To give your readers moments of analysis and reorientation, you seem to have borrowed the tactic Greene used in the garden. She drew from the zigzagging filigree of desert plants to create areas of scrutiny and contemplation. Is your book the literary companion to the garden’s architectural plan?

It may be that, yes. I imagine as Isabelle drew by hand the plans for the Valentine Garden, pieces of which are reproduced in the book, that she was thinking, I want the path to go this way, and oh, that would be fun, to have the horizontal branching of the espaliered white bauhinia playing against the horizontal line of the top of the white wall. I imagine her laboring to make the design sound and throwing in some animating “clues” like the parallel white layers, which she explained to me that only some people would recognize but everyone would feel. Likewise, I built a foundation of sense—pieces of landscape theory, descriptions of place, sections named as refuge or view—and then in other places worked language into a vortex of experience. There are many quotes from Isabelle in the book. I’m remembering one about space-making that seems to relate to this matter of distinct moments: “Low where I want you to feel welcome, and then high to cradle you.”
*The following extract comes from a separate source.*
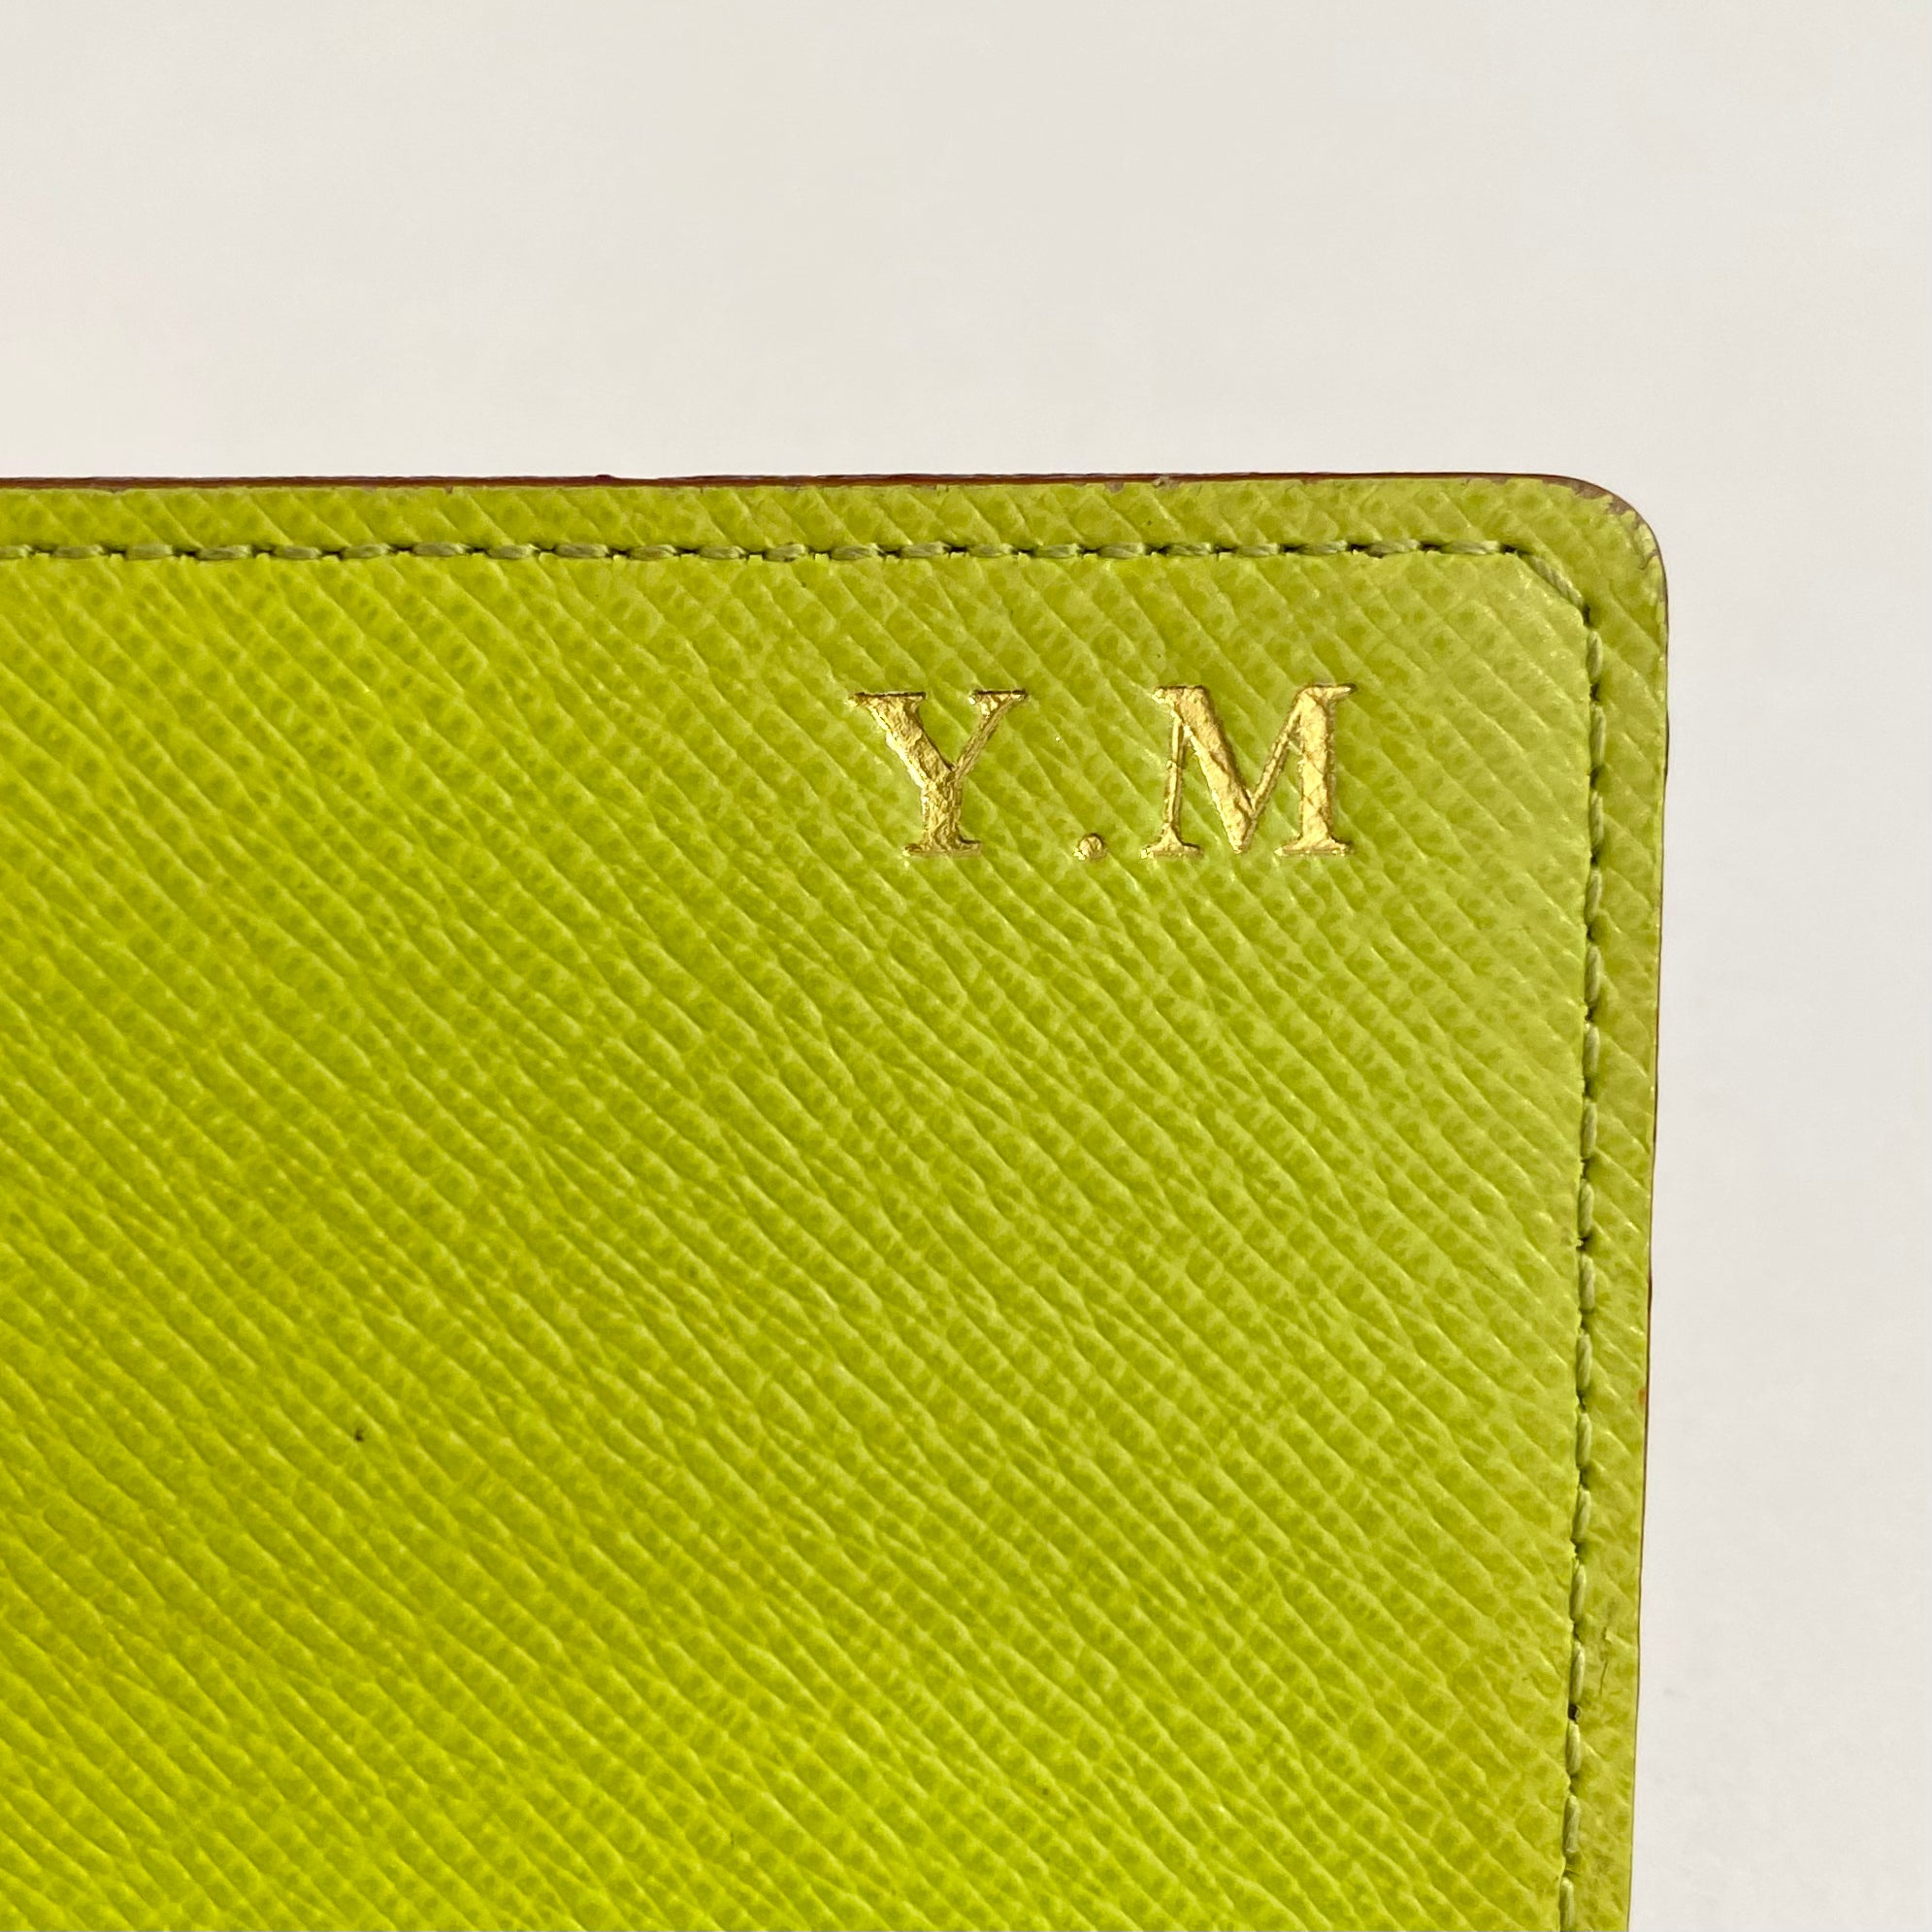 Louis Vuitton Mutlicolore Sarah Wallet - The Trove

What is the message that you would like to give our readers that may inspire them to make a difference?

Philosopher Alva Noë believes human consciousness does not reside in our heads but is something we do—in the present in response to the world, which shows up for it. Plato believed that nothing deserved to be called beautiful unless it compelled the viewer to care for it or others. What does a landscape look like that encourages a visitor to step out into the world, alert and superalive, and ready to care more about something?